◆ **Exercise data**
# # # # #
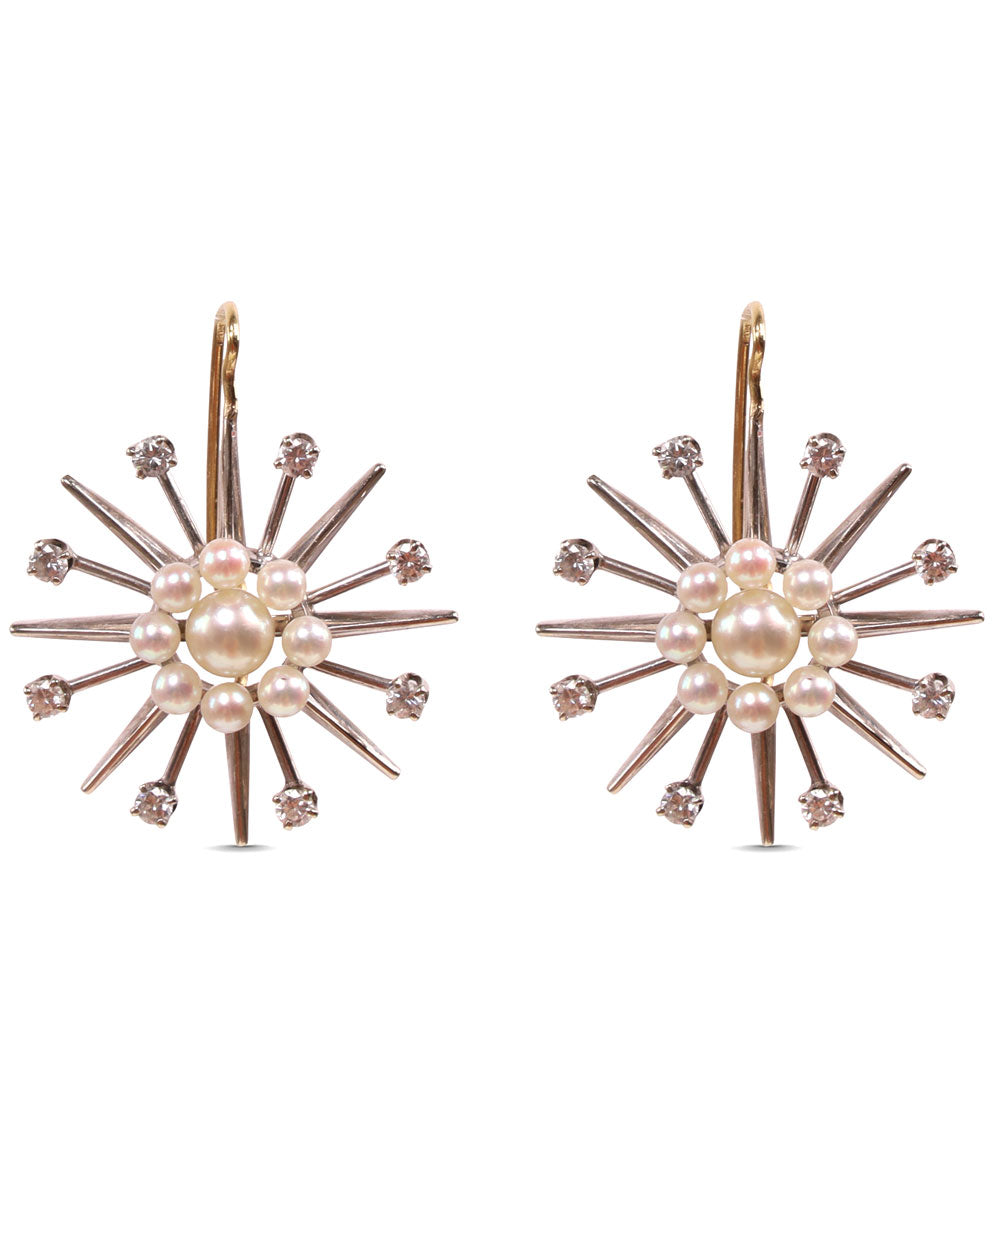 Antique Diamond and Pearl Starburst Earrings
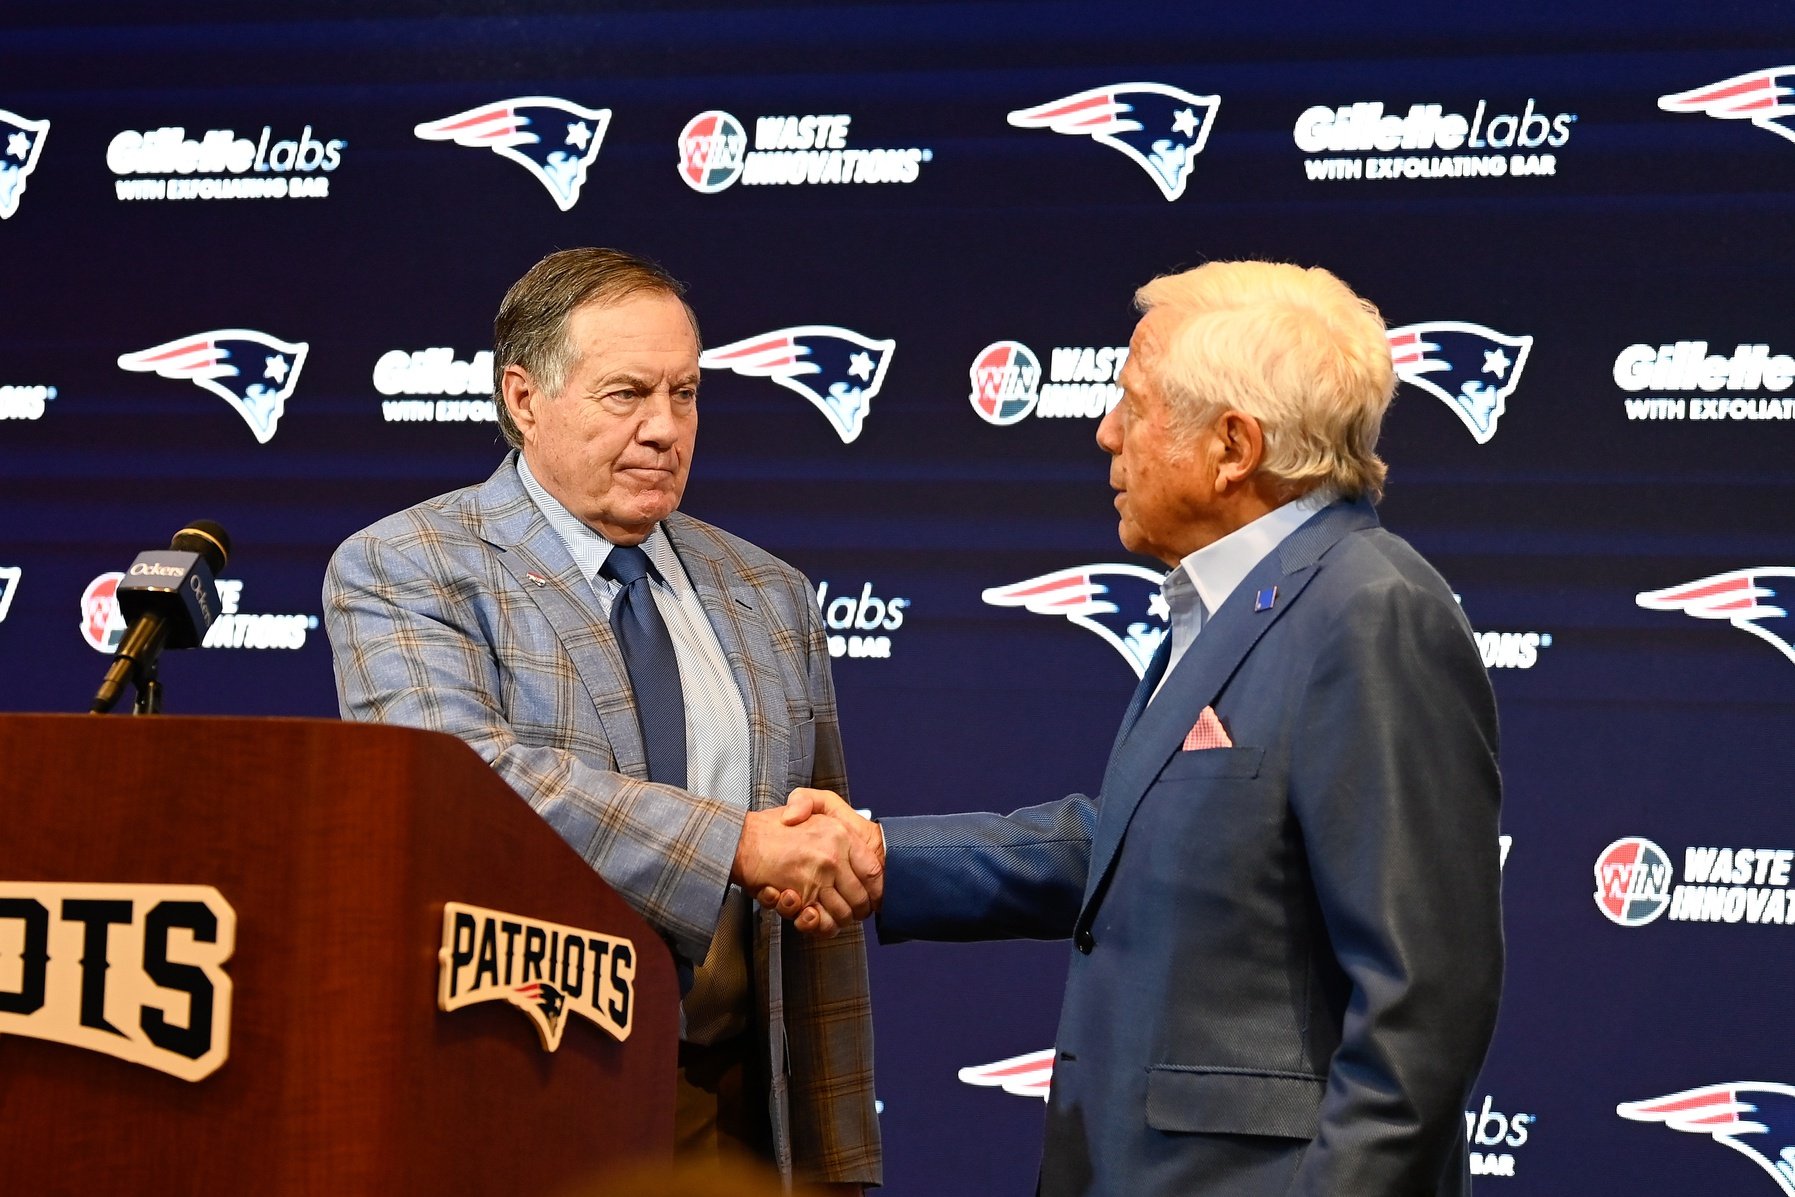 New England Patriots former head coach Bill Belichick (left) shakes hands with Patriots owner Robert Kraft (right) during a press conference at Gillette Stadium to announce Belichick's exit from the team. Mandatory Credit: Eric Canha-USA TODAY Sports
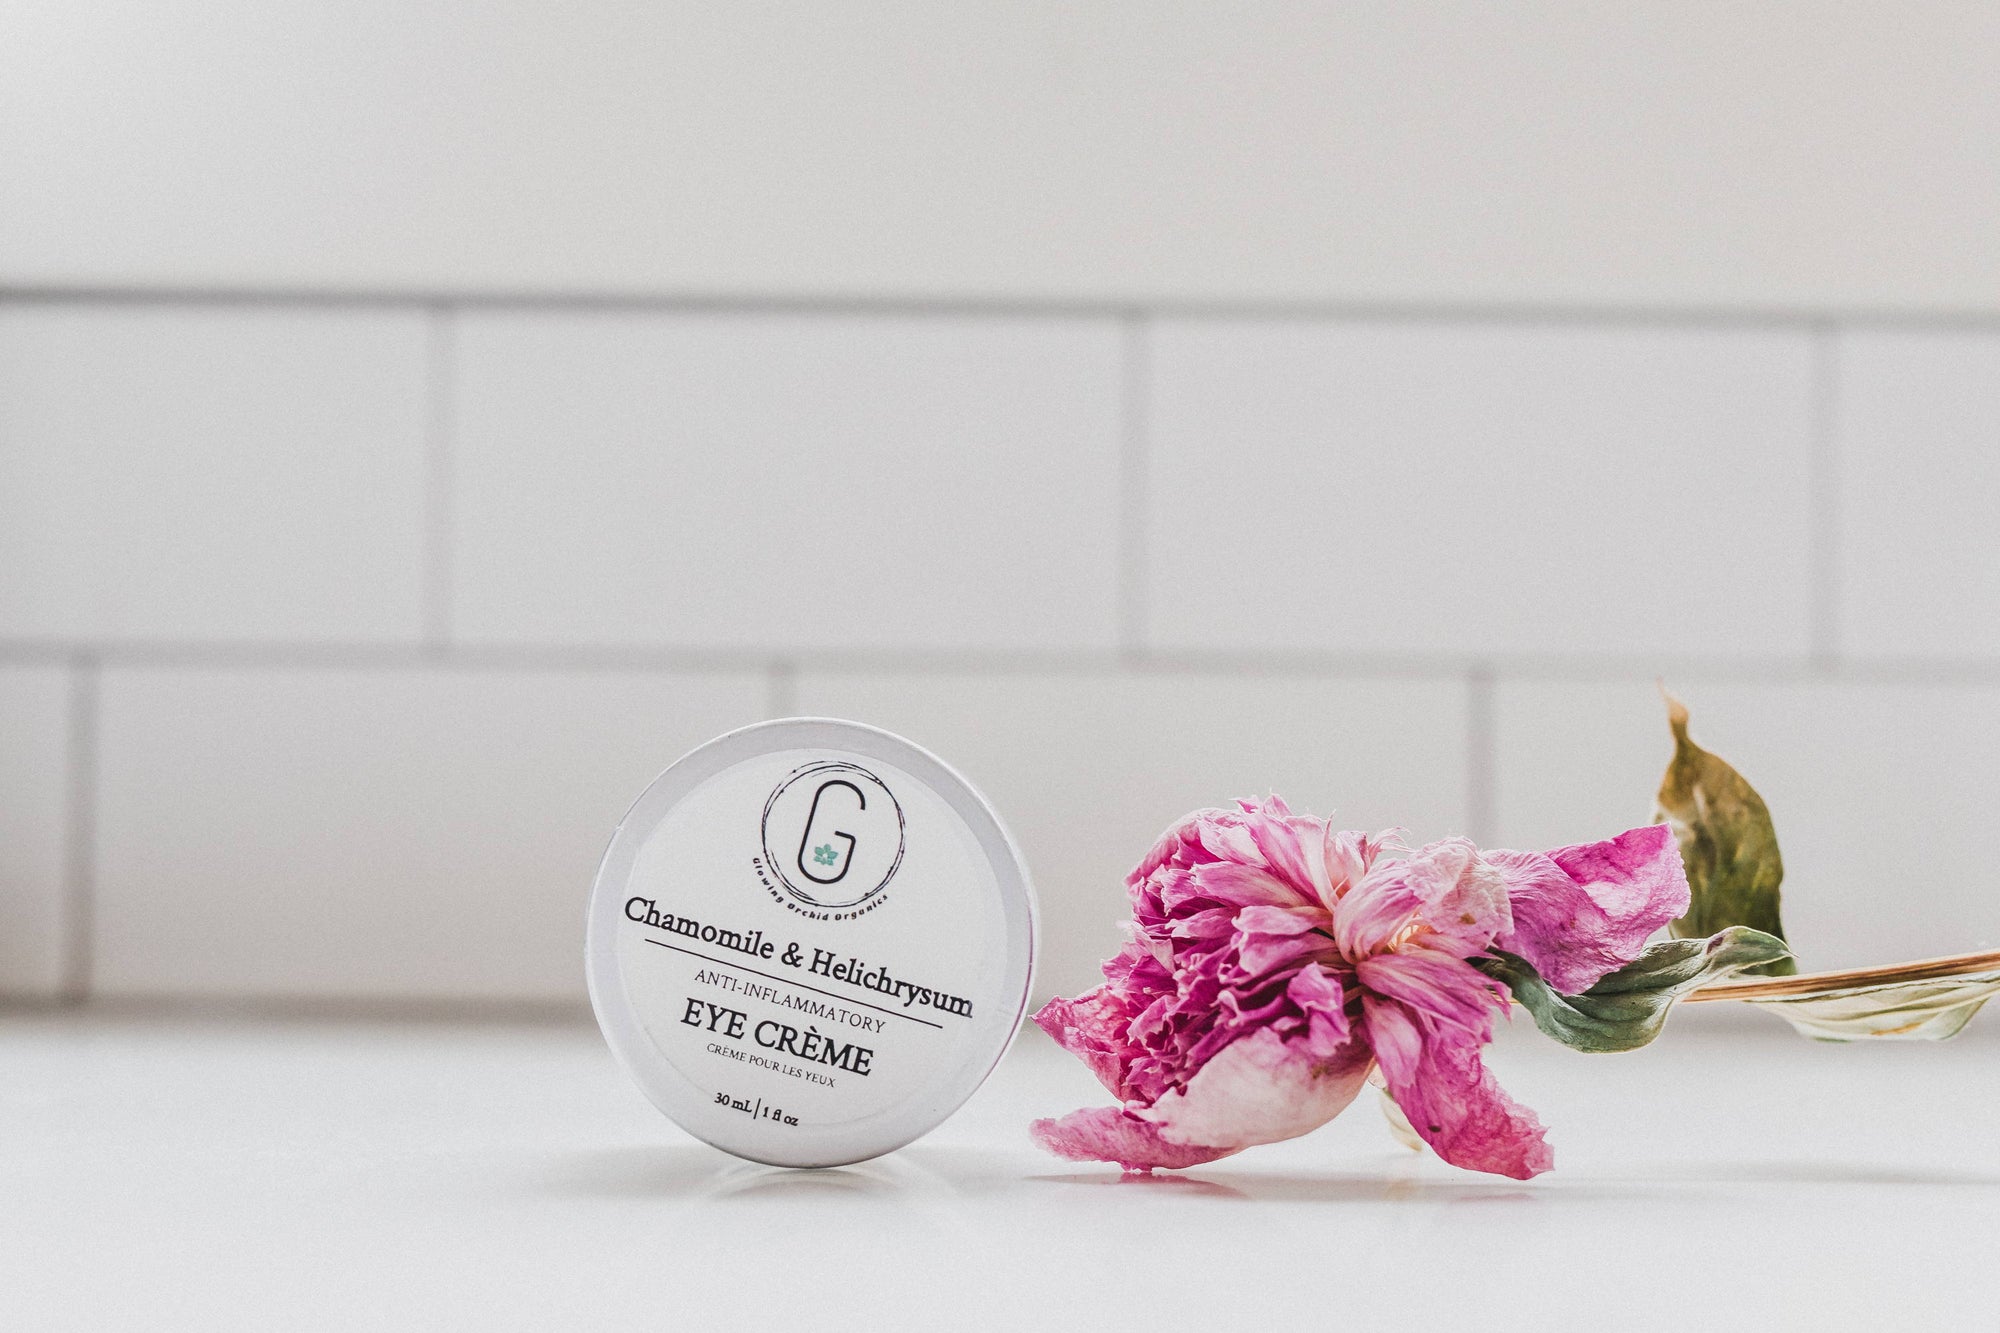 Deep Dive: All About Our Chamomile Eye Cream, from What’s In It to the Best Way to Apply It
# # # # #
Except for the pictures, give the data again word for word.

◆ **Answer area**
 Antique Diamond and Pearl Starburst Earrings
 New England Patriots former head coach Bill Belichick (left) shakes hands with Patriots owner Robert Kraft (right) during a press conference at Gillette Stadium to announce Belichick's exit from the team. Mandatory Credit: Eric Canha-USA TODAY Sports
 Deep Dive: All About Our Chamomile Eye Cream, from What’s In It to the Best Way to Apply It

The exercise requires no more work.